Save File Format¶
Overview¶
When saving a (partly) trained model to disk, the resulting model file is in YAML format and looks very similar to the configuration files (see Experiment configuration file format) with a few exceptions:
- Saved model files hold only one experiment (in contrast, config files contain dictionaries of several named experiments).
- Saved models are accompanied by a
.data
directory holding trained DyNet weights. - Some components replace the originally specified arguments with updated contents. For instance, the vocabulary is usually stored as an explicit list in saved model files, whereas config files typically refer to an external vocab file.
.data sub-directory¶
This directory contains a list of DyNet subcollections with names such as Linear.98dc700f
or
UniLSTMSeqTransducer.519cfb41
. Every Serializable
class that allocates DyNet parameters using
xnmt.param_collection.ParamManager.my_params(self)
(see Writing XNMT classes) will have one such
subcollection written to disk. The file names correspond to the component’s xnmt_subcol_name
, consisting of the
component name and a unique identifier. The xnmt_subcol_name
is also stored in the saved model’s YAML file to
establish the correspondence. Each subcollection is stored using DyNet’s serialization format which is a readable text
file.
In case several checkpoints are saved, there will be additional .data.1
, .data.2
etc. files. It is worth
mentioning that xnmt_subcol_name
does not change between checkpoints, and only one YAML file is written out.
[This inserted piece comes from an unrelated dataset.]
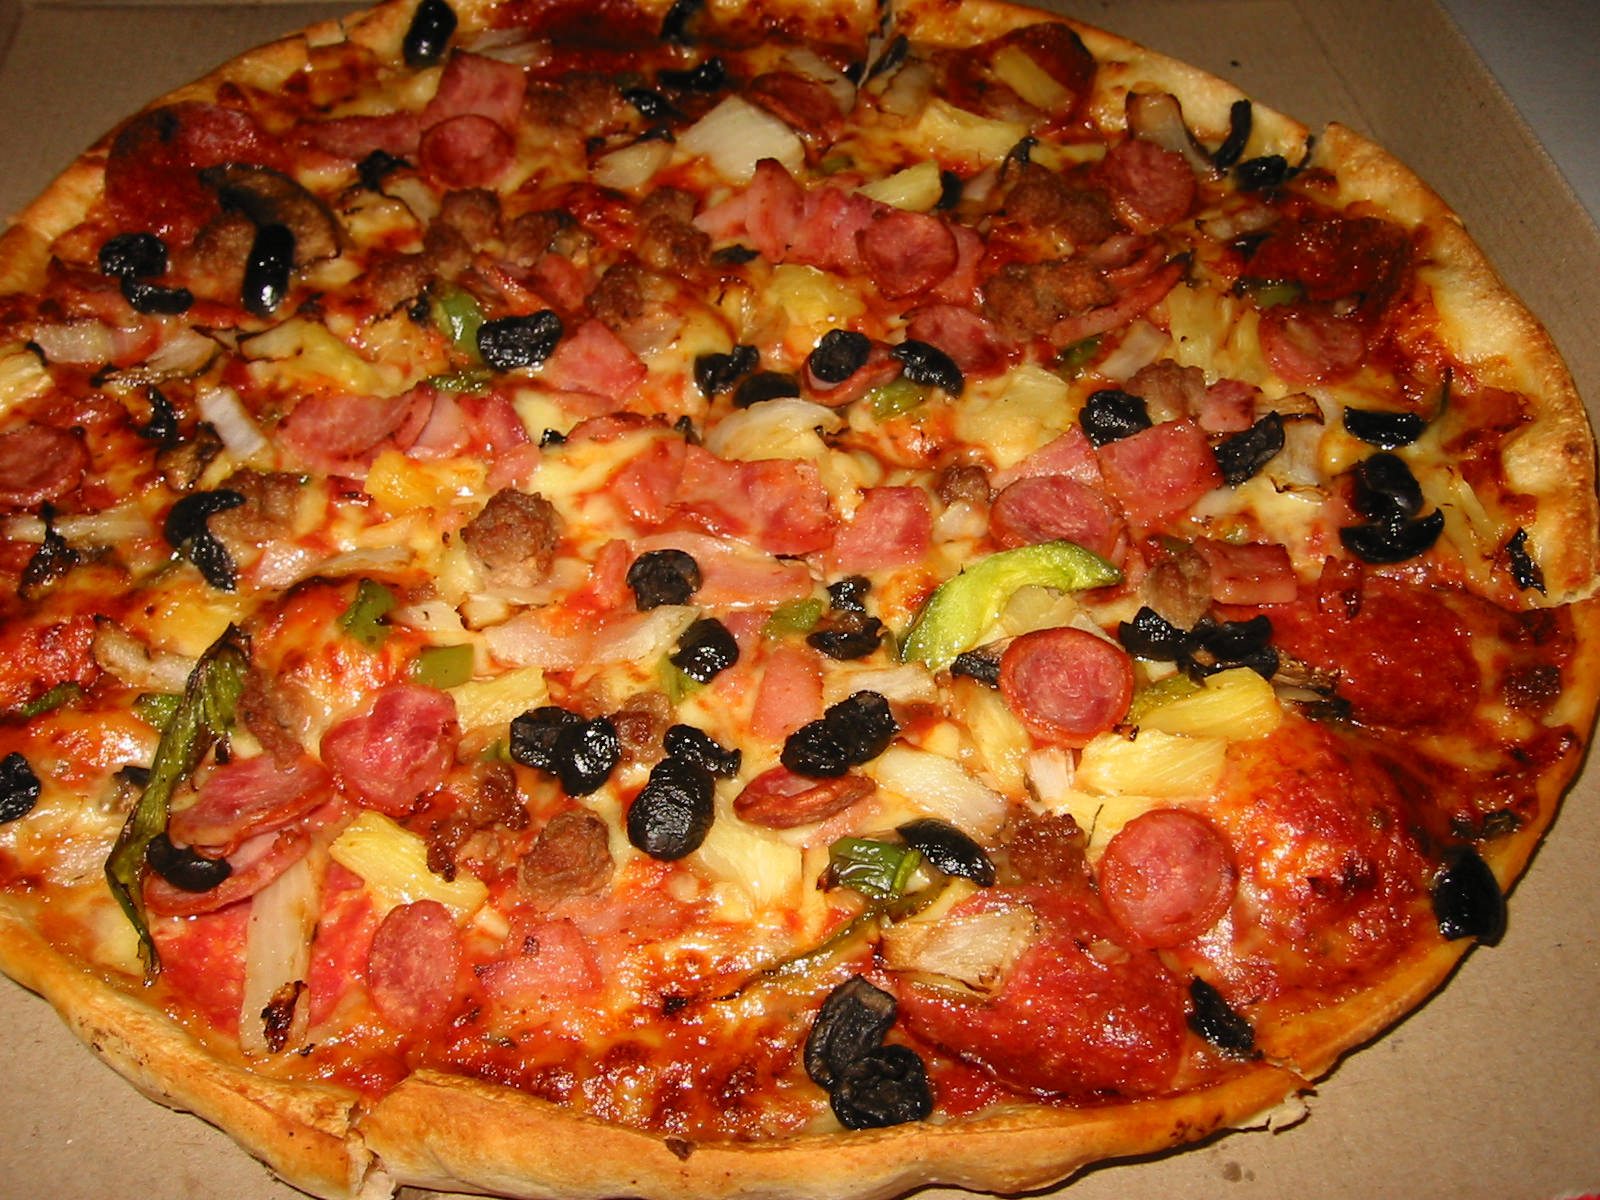 Super Supreme Pizza from Pizza Hut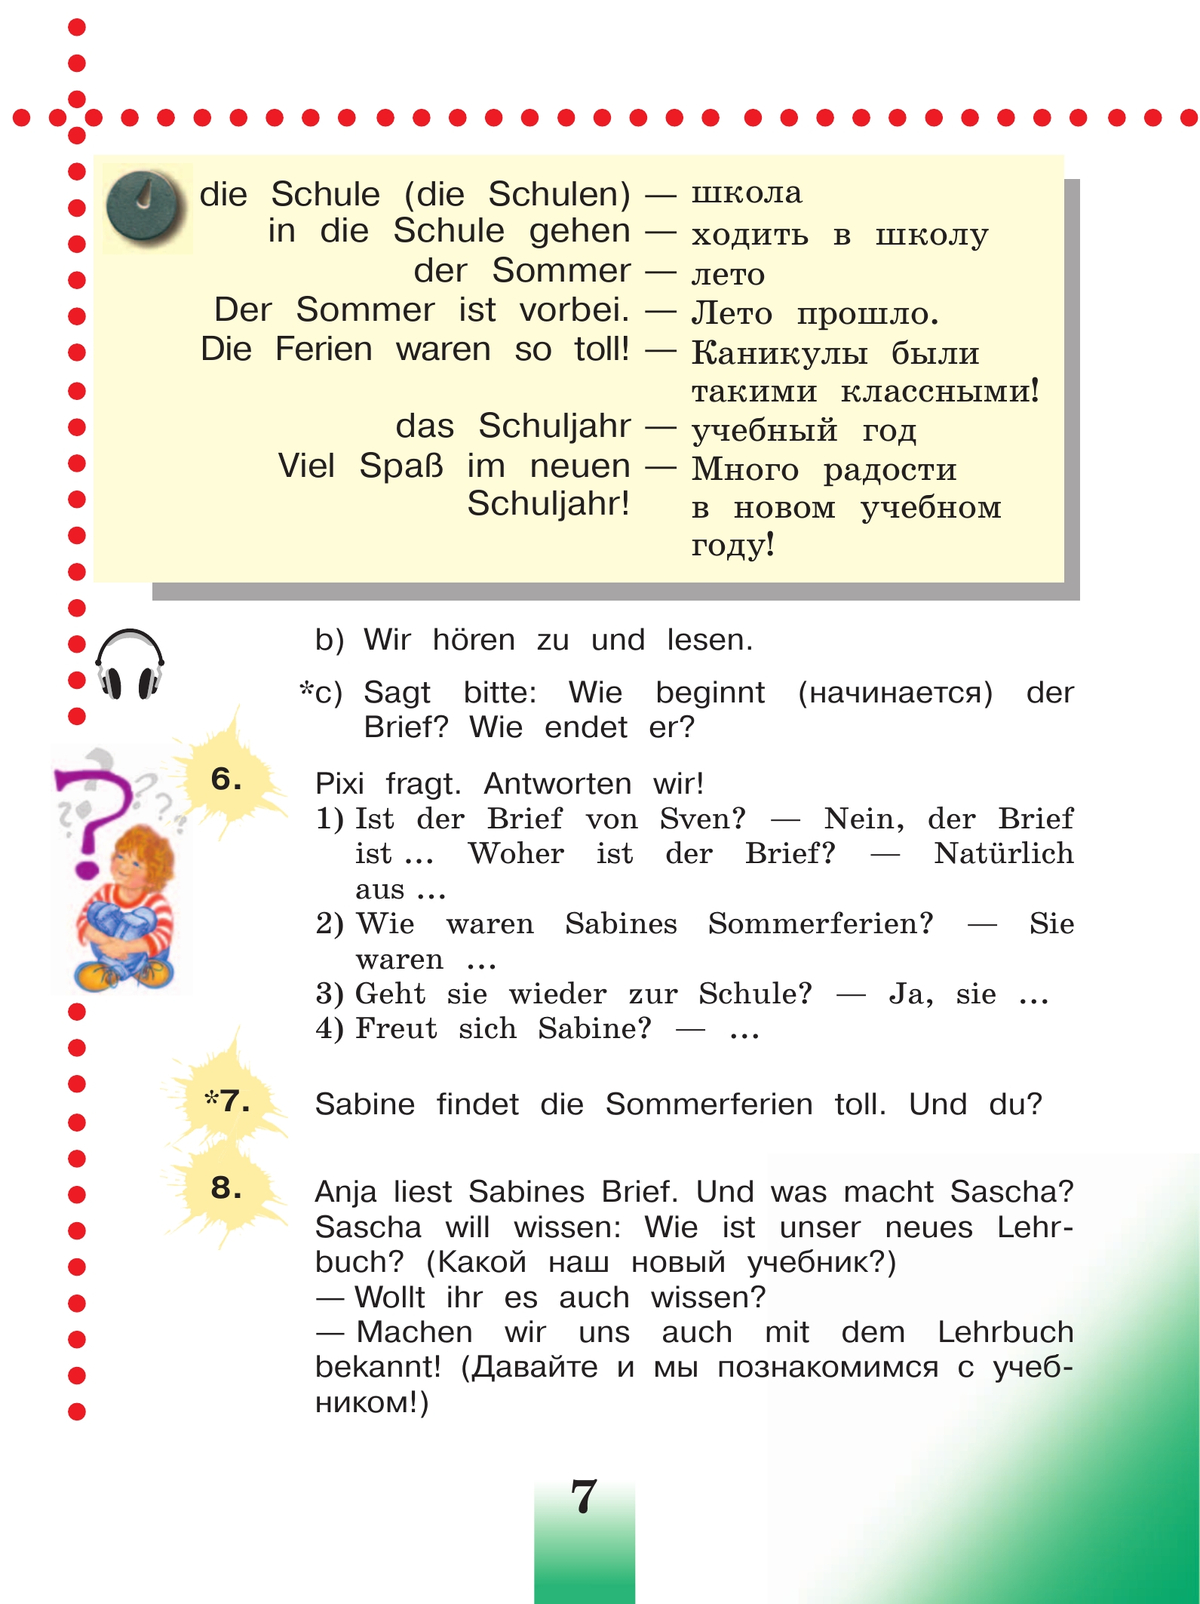 Немецкий язык. 3 класс. Учебник. В 2 ч. Часть 1 11

Also
note that the additional checkpoints are generally ignored when loading a saved model, but can be substituted manually
by renaming them, or be processed by the below utilities.
Command-line utilities¶
script/code/avg_checkpoints.py
: Perform checkpoint-averaging by taking the elementwise arithmetic average of parameters from all saved checkpoints.script/code/conv_checkpoints_to_model.py
: Convert a checkpoint to its own model. This is for example useful to enable checkpoint ensembling. Under the hood, this draw new randomxnmt_subcol_name
identifiers and in order to enable loading all checkpoints as separate models into XNMT.